[petsc-users] Snes behavior
Barry Smith
bsmith at mcs.anl.gov
Mon Jan 11 11:27:32 CST 2010
On Jan 11, 2010, at 9:32 AM, Ryan Yan wrote:
> Hi Barry,
> This is my case: In 1-d, for the interior pts the stencil width is
> 1, but for boundary pts the stencil width is 2.
>
> Should the stencil width in DACreate1d be 1 or 2?
2
>
> If I switch to stencil width 2, then I can get quadratic convergence.
Yes
>
> Thank you very much,
>
> Yan
>
> On Sun, Jan 10, 2010 at 11:22 PM, Barry Smith <bsmith at mcs.anl.gov>
> wrote:
>
> Like I said in my previous mail this means that the Jacobian being
> computing before was not accurate enough for some reason.
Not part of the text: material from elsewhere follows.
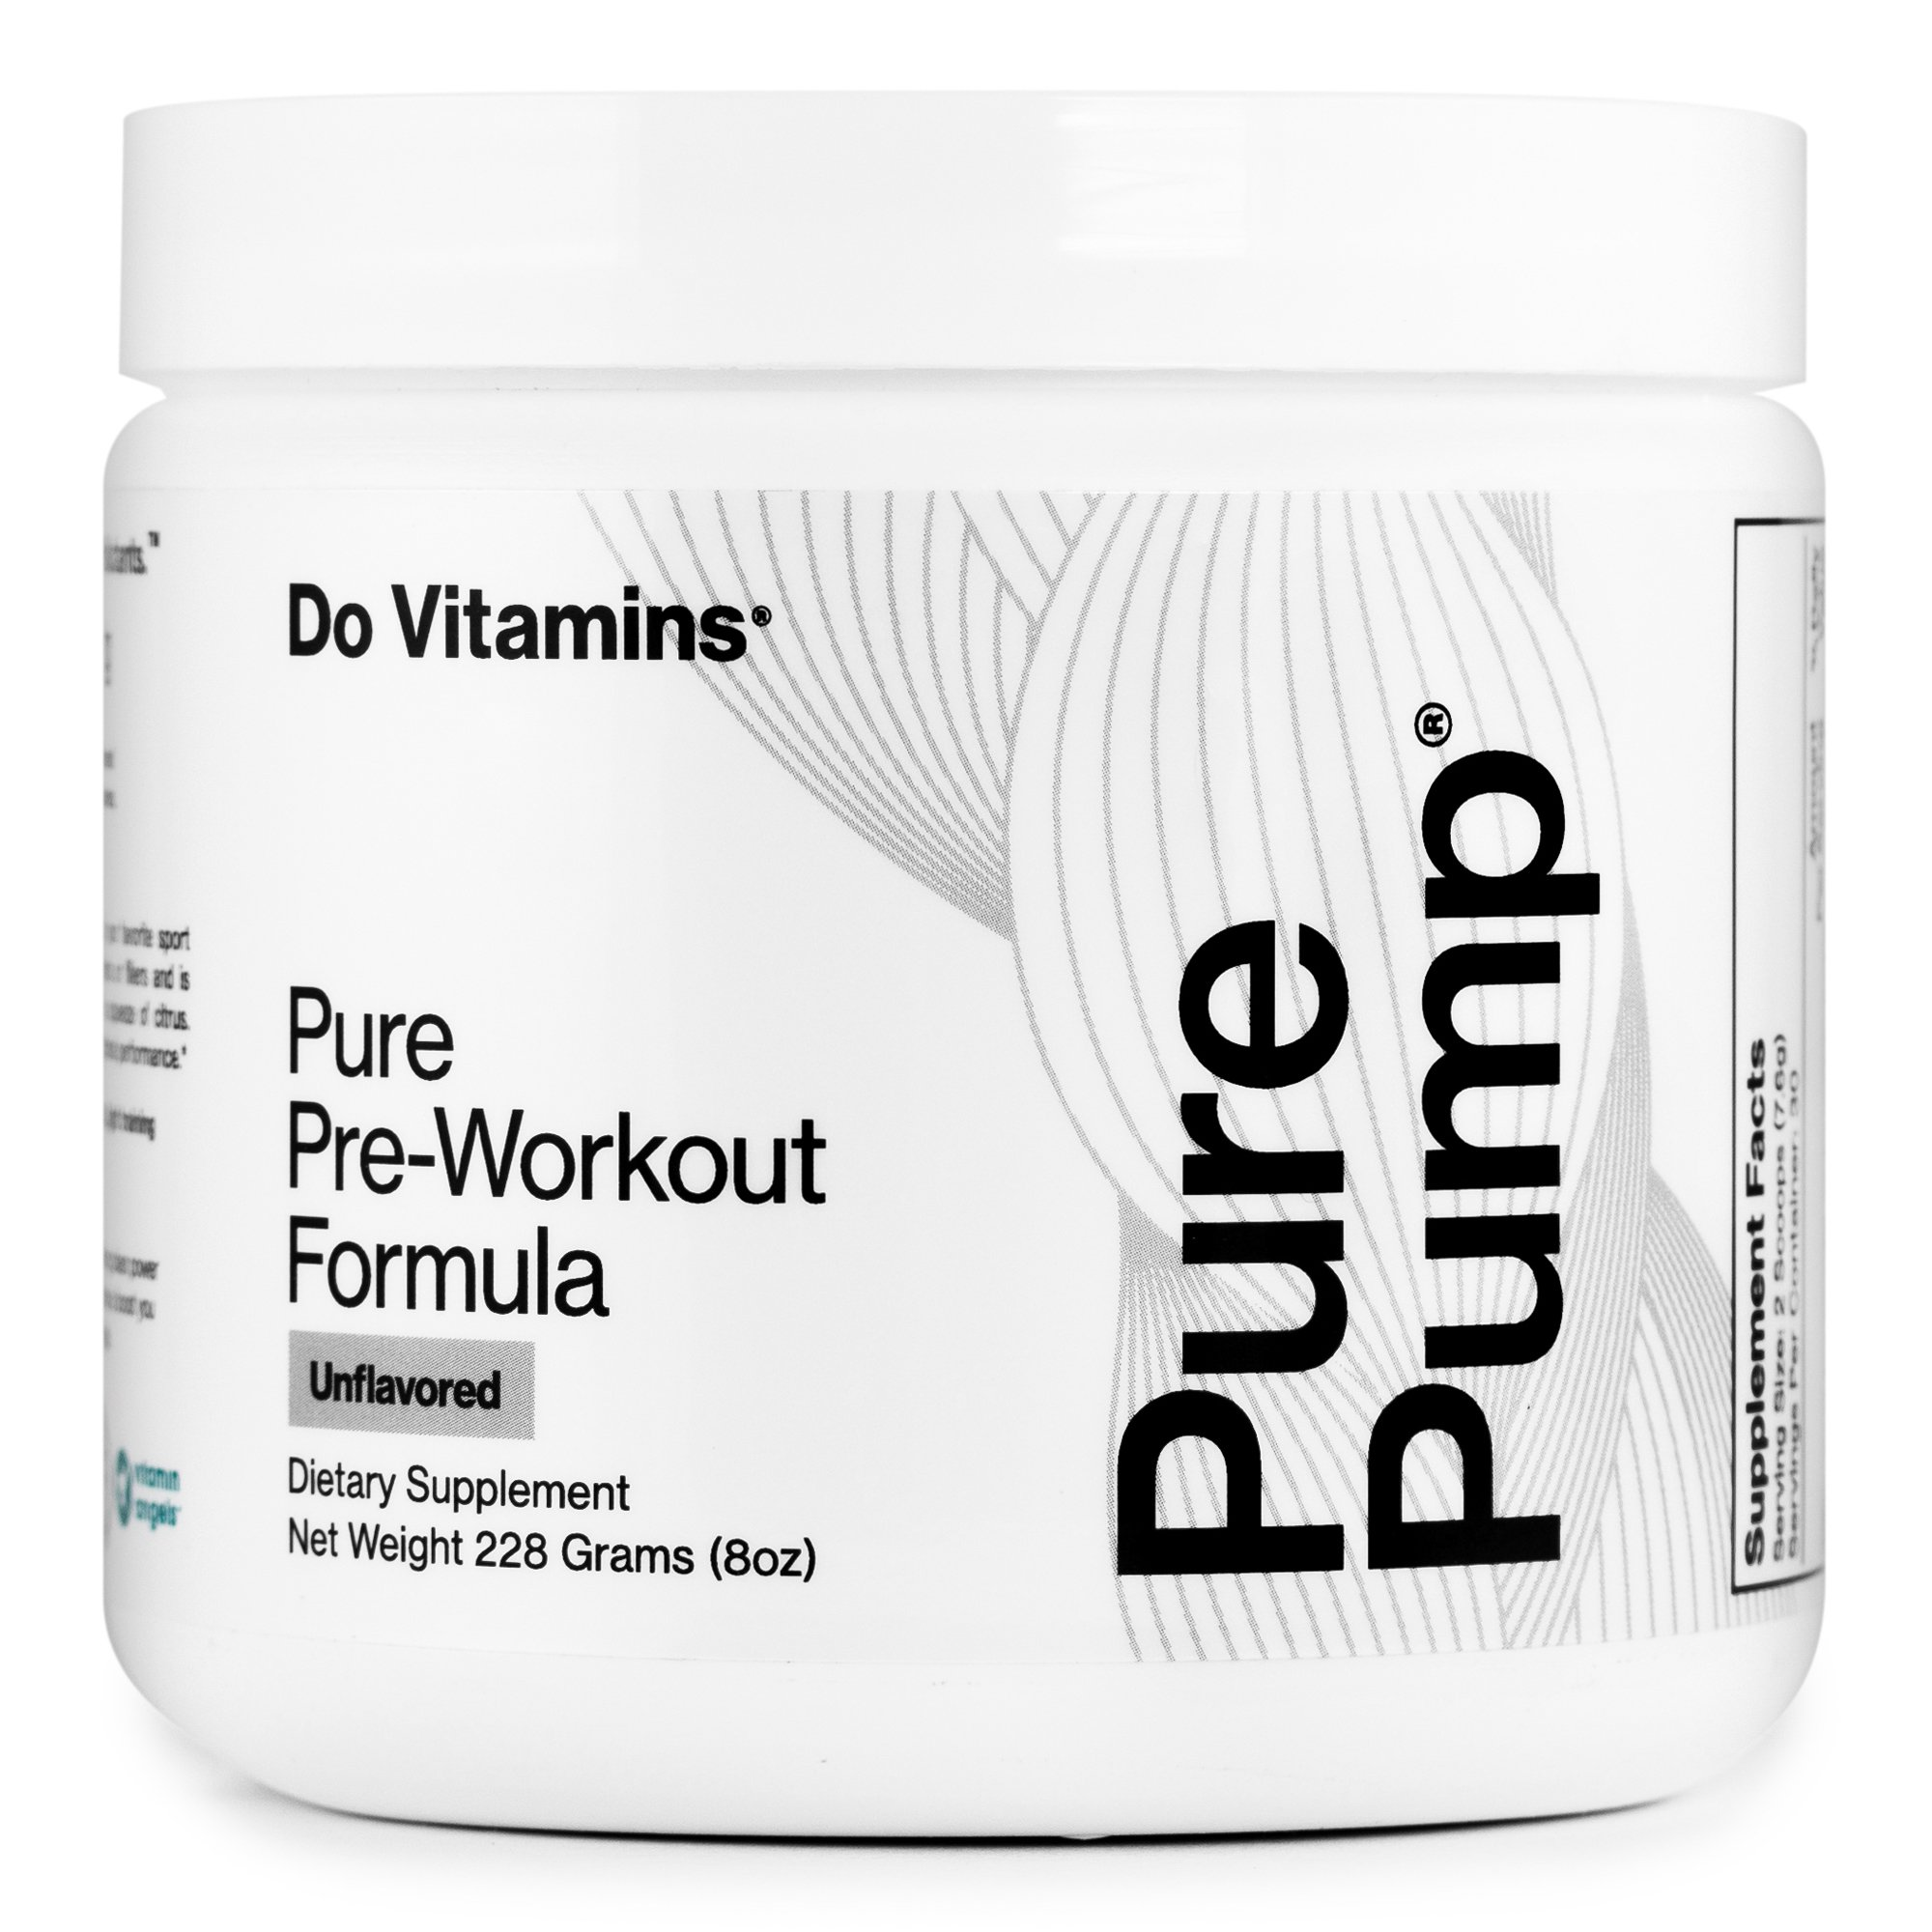 PurePump Unflavored - Do Vitamins - Certified Paleo, Keto Certified, Paleo Friendly, PaleoVegan by the Paleo Foundation

This will
> happen if your function evaluation does NOT respect the stencil you
> provided when you created the DA. For example if you told the DA to
> use a stencil width of 1 but somewhere your function evaluation
> grabs a value 2 cells away and uses it in the computation. For
> example on some boundary condition. Or you told it was a box stencil
> but the function evaluation grabbed a value from the diagonal stencil.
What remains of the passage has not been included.